Jean Rony Jean-Charles outside court at an earlier appearance.

Jean Rony Jean-Charles outside court at an earlier appearance.

By AVA TURNQUEST

Tribune Chief Reporter

aturnquest@tribunemedia.net

BAHAMAS-born Jean Rony Jean-Charles will now await the Court of Appeal's ruling after lawyers gave closing arguments on Friday in a hearing of the government's appeal over a judge's order that the deportee be returned to this country.

Arguments over the relevance of Mr Jean-Charles' identity in the adjudication of the government's appeal took centre stage on Friday with lead prosecutor Loren Klein insisting the Supreme Court judge never made a conclusive finding on the issue.

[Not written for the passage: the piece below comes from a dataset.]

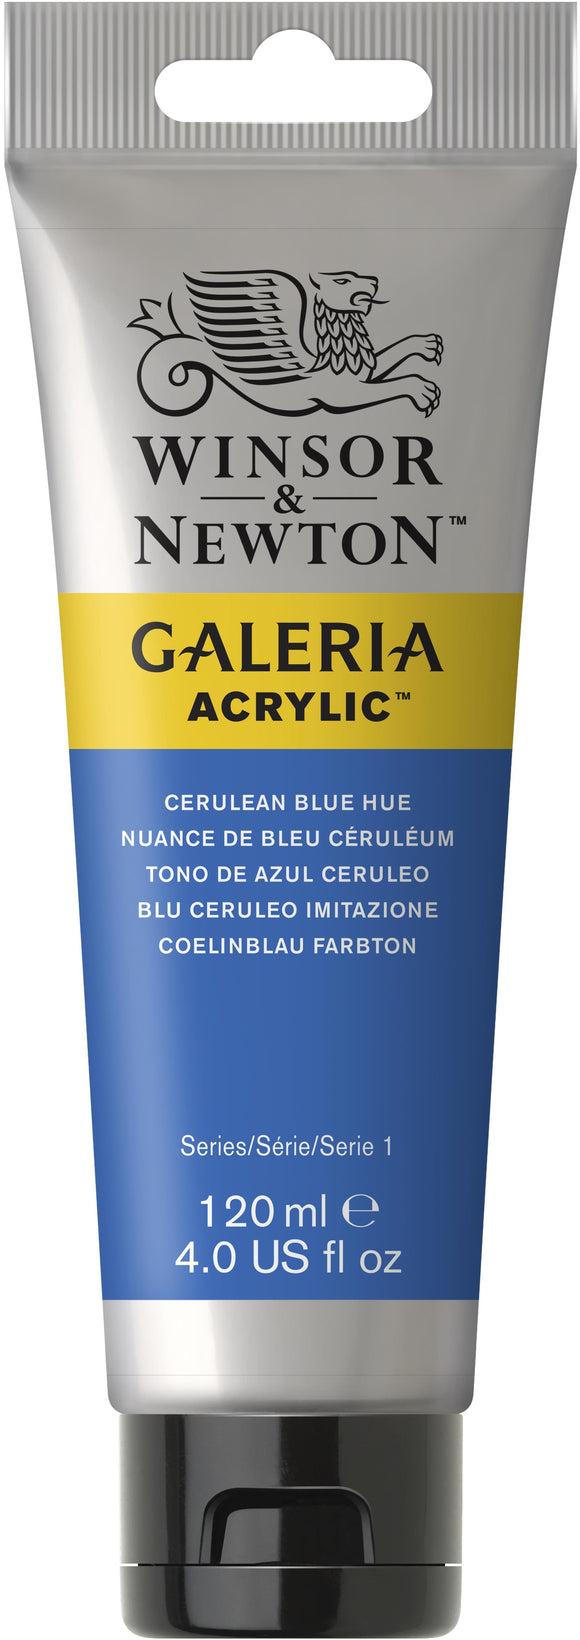 Winsor & Newton Galeria Acrylic Cerulean Blue Hue 120Ml

Lead defence attorney Fred Smith, QC, maintained the issue surrounding both Mr Jean-Charles' identity and status was irrelevant.

He argued there existed a third category of people in the country in similar positions as Mr Jean-Charles who do not fall under certain definitions under the Immigration Act that would compel the state to remove them.

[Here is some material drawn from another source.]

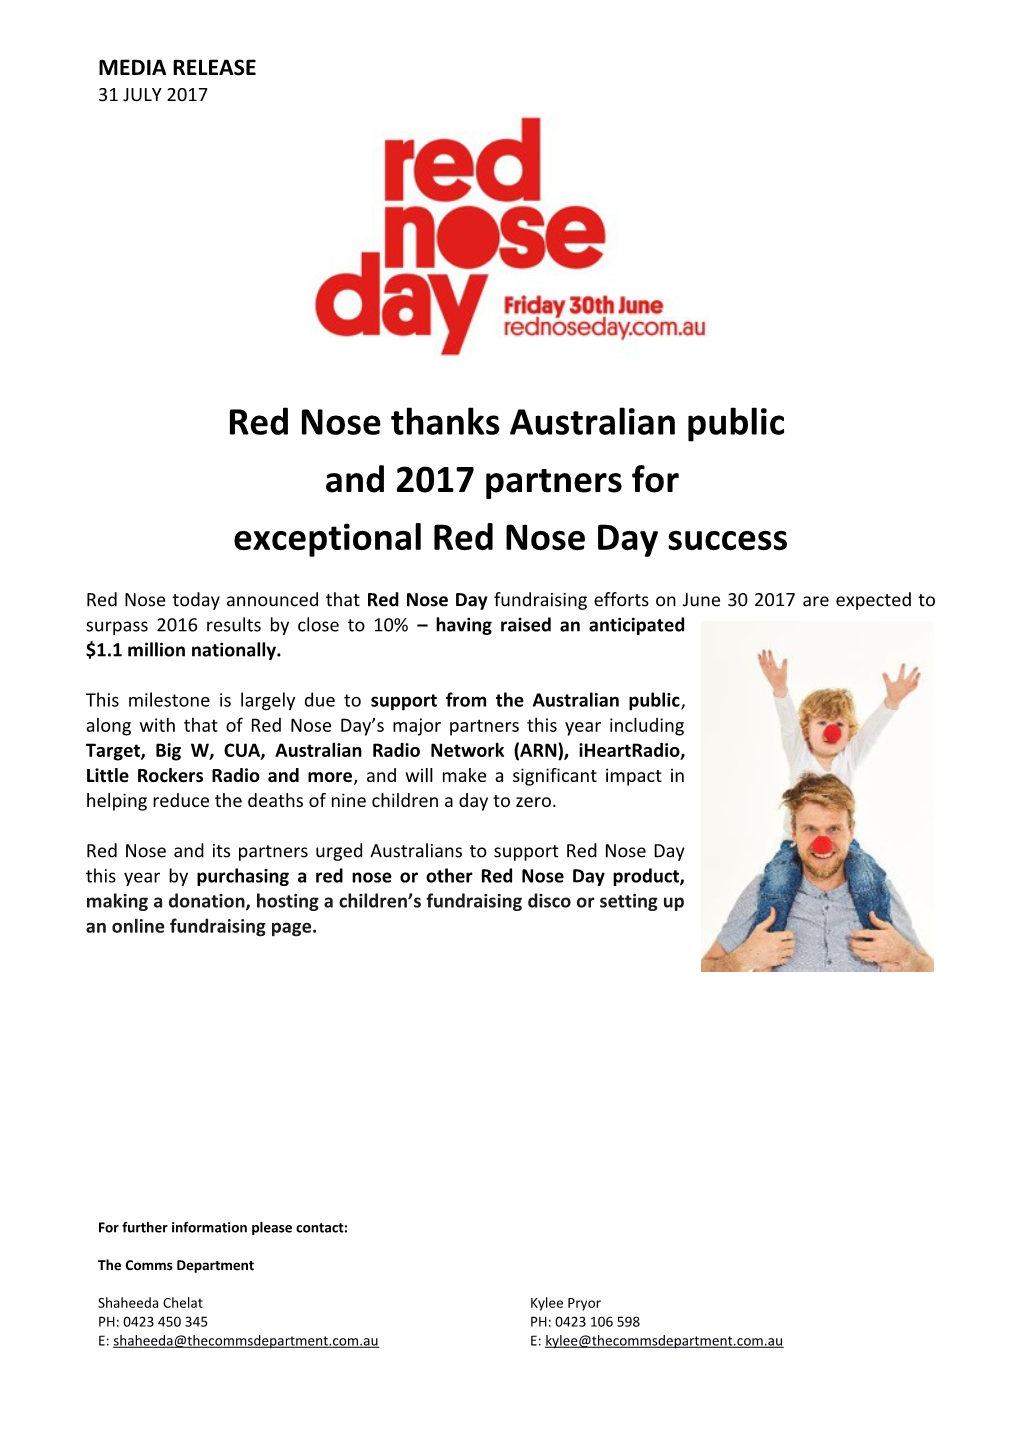 Red Nose Thanks Australian Public

The Crown is seeking to have Supreme Court judge Gregory Hilton's landmark decision concerning Mr Jean-Charles' controversial deportation from The Bahamas to Haiti and subsequent return to this country overturned.

At the time, Justice Hilton found Mr Jean-Charles was "unlawfully expelled" from The Bahamas after having been unlawfully detained from September 17, 2017 to November 24, 2017, in breach of his right guaranteed under Article 25 (1) of the Constitution.

Justice Hilton further found Mr Jean-Charles has been deprived of his personal liberty, unlawfully arrested and detained/falsely imprisoned in breach of his rights guaranteed him under the Constitution.

He ordered the government to issue a travel document to Mr Jean-Charles to "allow and permit" him to travel from Haiti into The Bahamas, and that it pay the "reasonable cost" of Mr Jean-Charles' journey "forthwith upon his return".

Justice Hilton further ordered the minister and director of immigration should, no later than 60 days after Mr Jean-Charles' return and upon his application, issue "such status" that would "permit him to remain in The Bahamas and to legally seek gainful employment".

The Court of Appeal reserved its judgment in the matter and has not yet given a date when appellate judges will deliver their ruling.

The matter was heard before Court of Appeal President Sir Hartman Longley, Justice Jon Isaacs and Acting Justice Sir Michael Barnett.